Creating a Feature Branch

# 1. Ensure your main branch is up-to-date
git checkout main
git fetch upstream
git rebase upstream/main

# 2. Create a new feature branch
git checkout -b feature/your-feature-name

Branch Naming Conventions

feature/feature-name - New features
fix/bug-name - Bug fixes
docs/documentation-name - Documentation updates
refactor/component-name - Code refactoring
test/test-name - Test additions or updates

Development Workflow

# 1. Make your changes
# Edit files, add features, fix bugs

# 2. Run tests locally
uv run pytest

# 3. Run with coverage
uv run pytest --cov=excel_to_sql --cov-report=html

# 4. Format code
uv run ruff format excel_to_sql/ tests/

# 5. Lint code
uv run ruff check excel_to_sql/ tests/

# 6. Commit your changes
git add .
git commit -m "feat: add your feature description"

# 7. Push to your fork
git push origin feature/your-feature-name

Coding Standards

Python Style Guide

We follow PEP 8 style guidelines with the following tools:

Formatting - Ruff

# Format code
uv run ruff format excel_to_sql/ tests/

# Check formatting
uv run ruff format --check excel_to_sql/ tests/

Linting - Ruff

# Lint code
uv run ruff check excel_to_sql/ tests/

# Auto-fix linting issues
uv run ruff check --fix excel_to_sql/ tests/

Code Organization

excel_to_sql/
├── cli.py                # CLI interface entry point
├── __init__.py           # Package exports
├── __version__.py        # Version information
├── sdk/                  # Python SDK implementation
├── entities/             # Domain entities (Project, Database, Table, etc.)
├── transformations/      # Data transformation logic
├── validators/           # Validation framework
├── profiling/            # Data quality profiling
├── auto_pilot/           # Auto-Pilot mode components
└── ui/                   # Interactive wizard UI

Import Style

Use isort for import organization (included in ruff):

# Standard library imports
import os
from pathlib import Path

# Third-party imports
import pandas as pd
from rich.console import Console

# Local imports
from excel_to_sql.entities import Project
from excel_to_sql.validators import ValidationRule

Docstrings

Use Google-style docstrings:

def process_file(file_path: Path, patterns: dict) -> dict:
    """Process a single Excel file and detect patterns.

    Args:
        file_path: Path to the Excel file to process.
        patterns: Dictionary of detected patterns.

    Returns:
        Dictionary containing processing results with keys:
            - 'file_path': str - Path to processed file
            - 'table_name': str - Detected table name
            - 'patterns': dict - Detected patterns

    Raises:
        FileNotFoundError: If the file does not exist.
        ValueError: If the file format is invalid.
    """

Type Hints

All functions should include type hints:

from typing import Dict, List, Optional

def detect_patterns(
    df: pd.DataFrame,
    table_name: str,
    confidence_threshold: float = 0.7
) -> Dict[str, any]:
    """Detect patterns in DataFrame."""
    pass

Error Handling

# Use specific exceptions
try:
    df = pd.read_excel(file_path)
except FileNotFoundError:
    raise FileNotFoundError(f"Excel file not found: {file_path}")
except Exception as e:
    raise ValueError(f"Failed to read Excel file: {e}")

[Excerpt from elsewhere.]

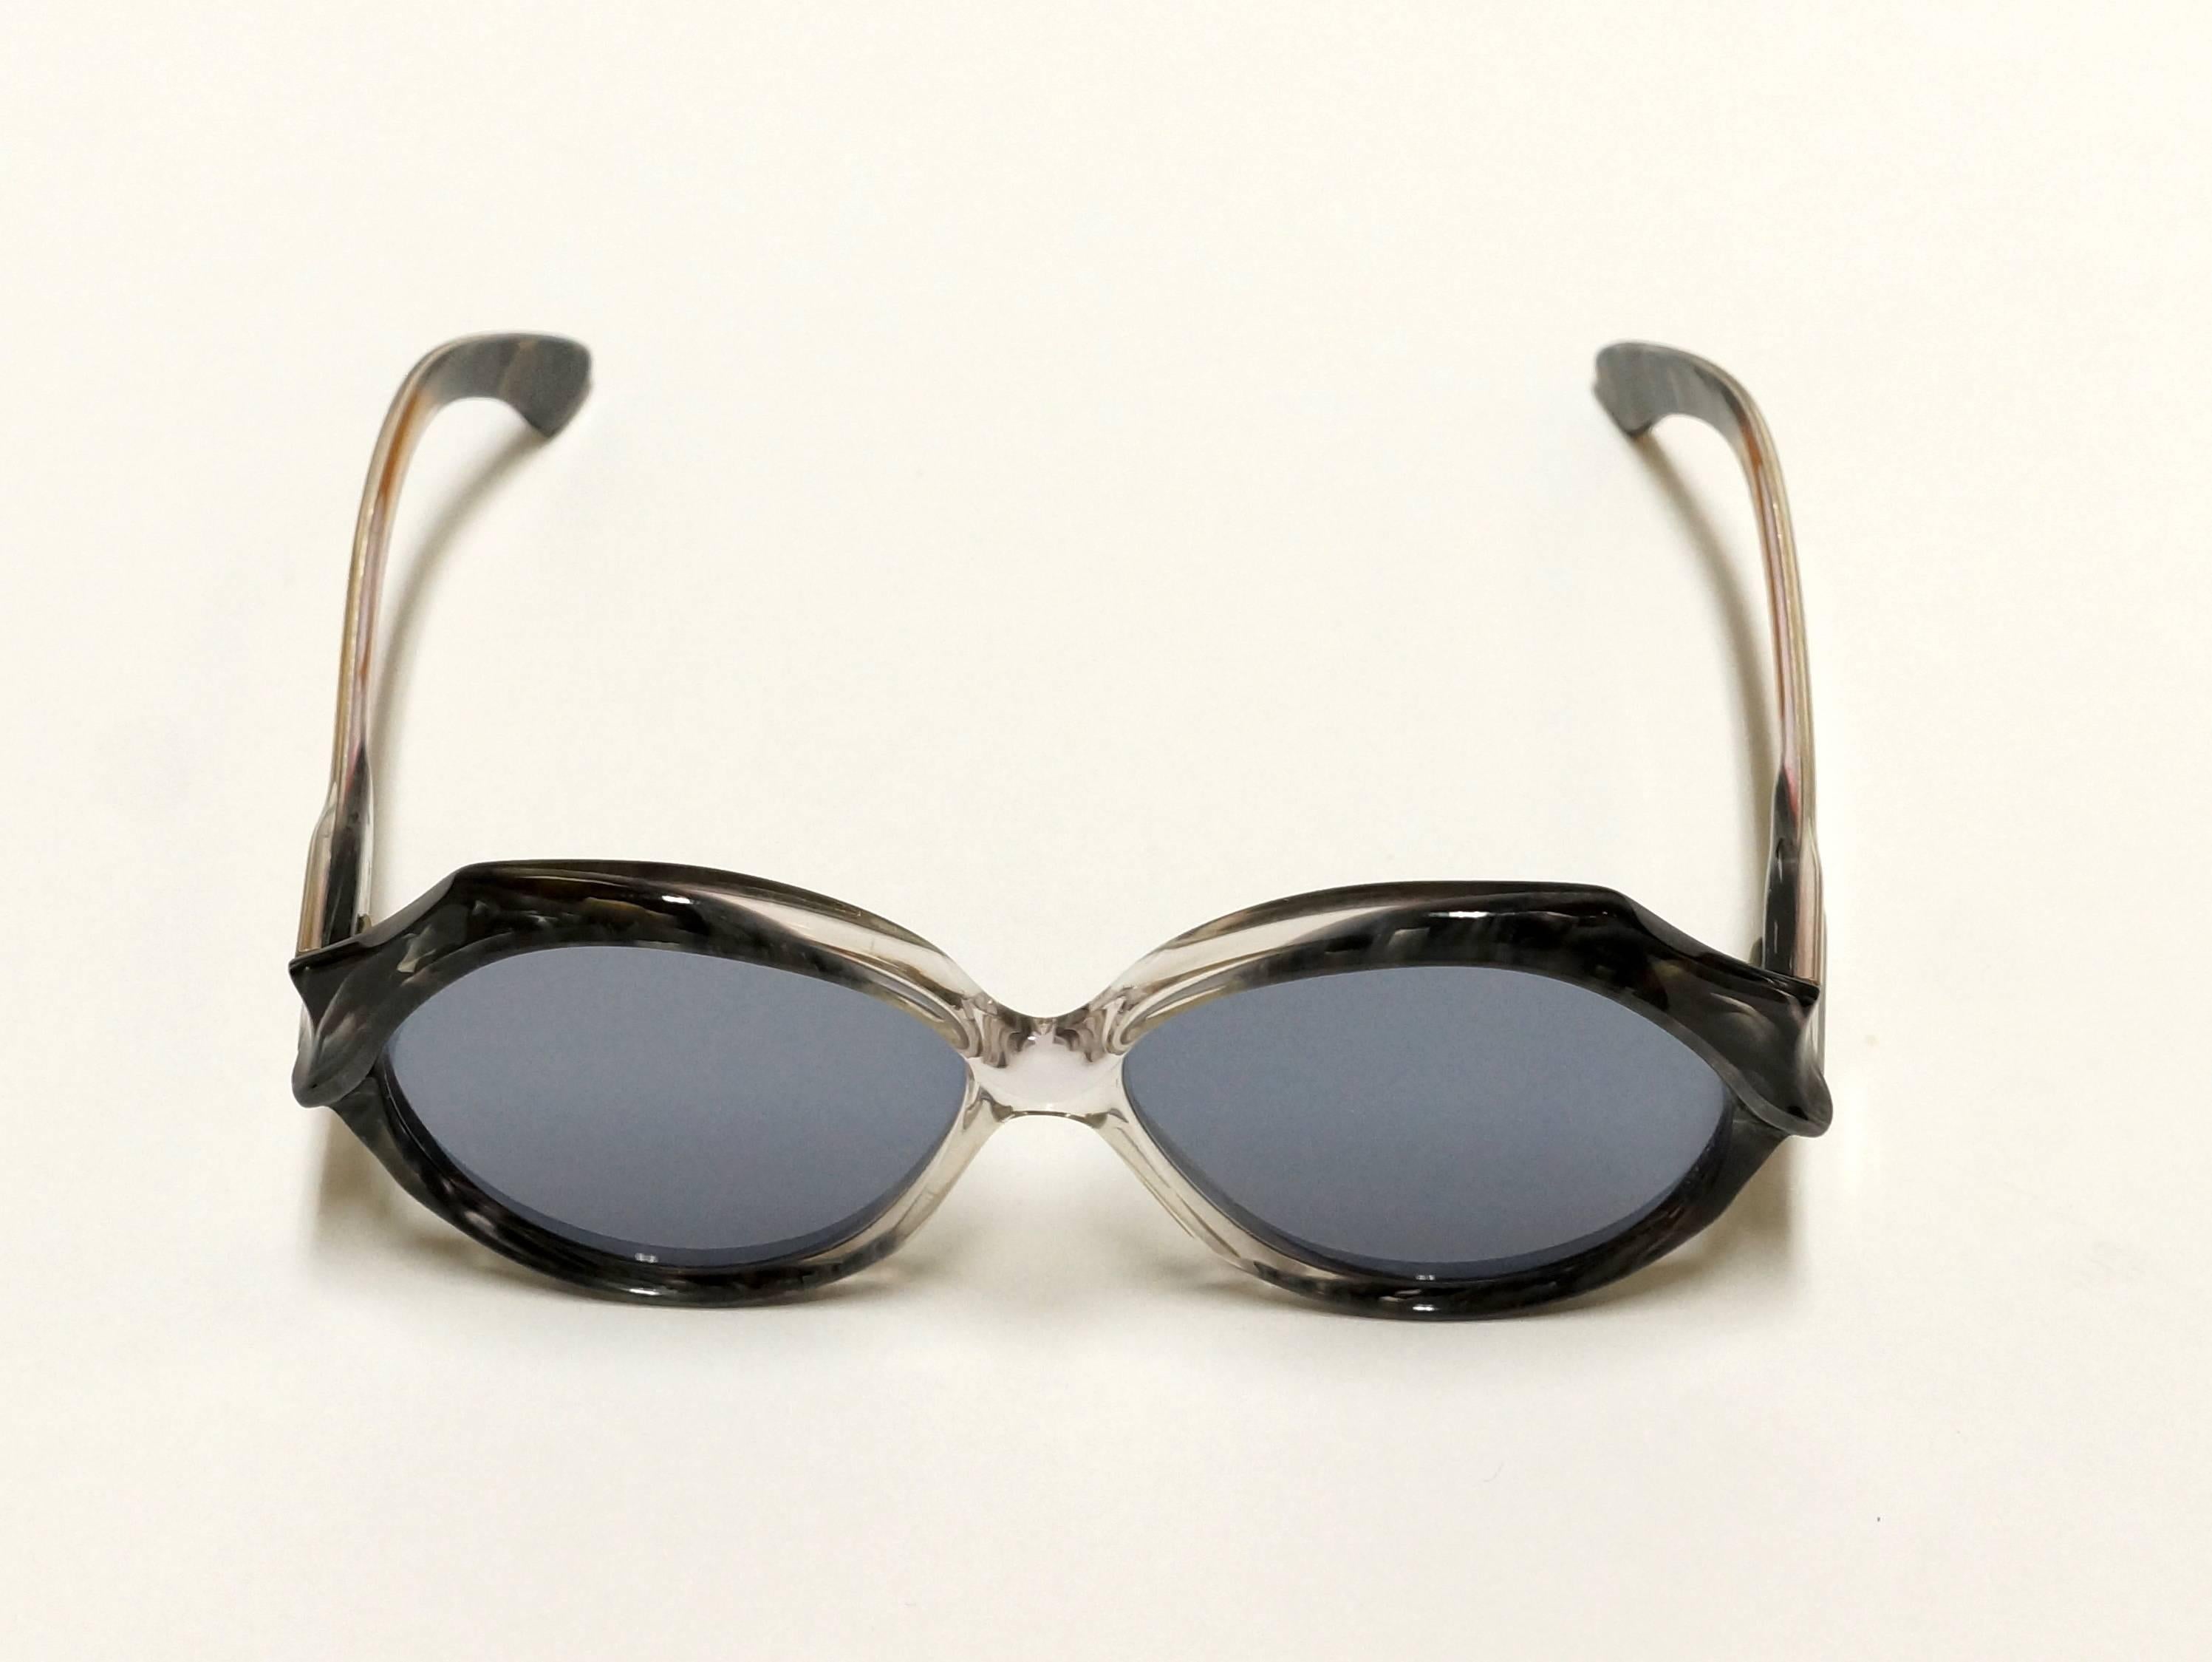 70s French Vintage Sunglasses by Jacques Fath - model Esterel/7  For Sale 6

# Log errors appropriately
import logging

logger = logging.getLogger(__name__)
logger.error(f"Error processing file {file_path}: {e}")

Testing Guidelines

Test Structure

tests/
├── test_cli.py              # CLI command tests
├── test_sdk.py              # SDK functionality tests
├── test_transformations/    # Transformation tests
├── test_validators/         # Validator tests
├── test_auto_pilot/         # Auto-Pilot component tests
│   ├── test_detector.py     # PatternDetector tests
│   ├── test_quality.py      # QualityScorer tests
│   ├── test_recommender.py  # RecommendationEngine tests
│   ├── test_auto_fix.py     # AutoFixer tests
│   └── test_auto_fix_integration.py  # Integration tests
├── test_ui/                 # UI component tests
└── fixtures/                # Test data and fixtures
    └── auto_pilot/          # Auto-Pilot test Excel files

Writing Tests

import pytest
import pandas as pd
from pathlib import Path

class TestPatternDetector:
    """Unit tests for PatternDetector class."""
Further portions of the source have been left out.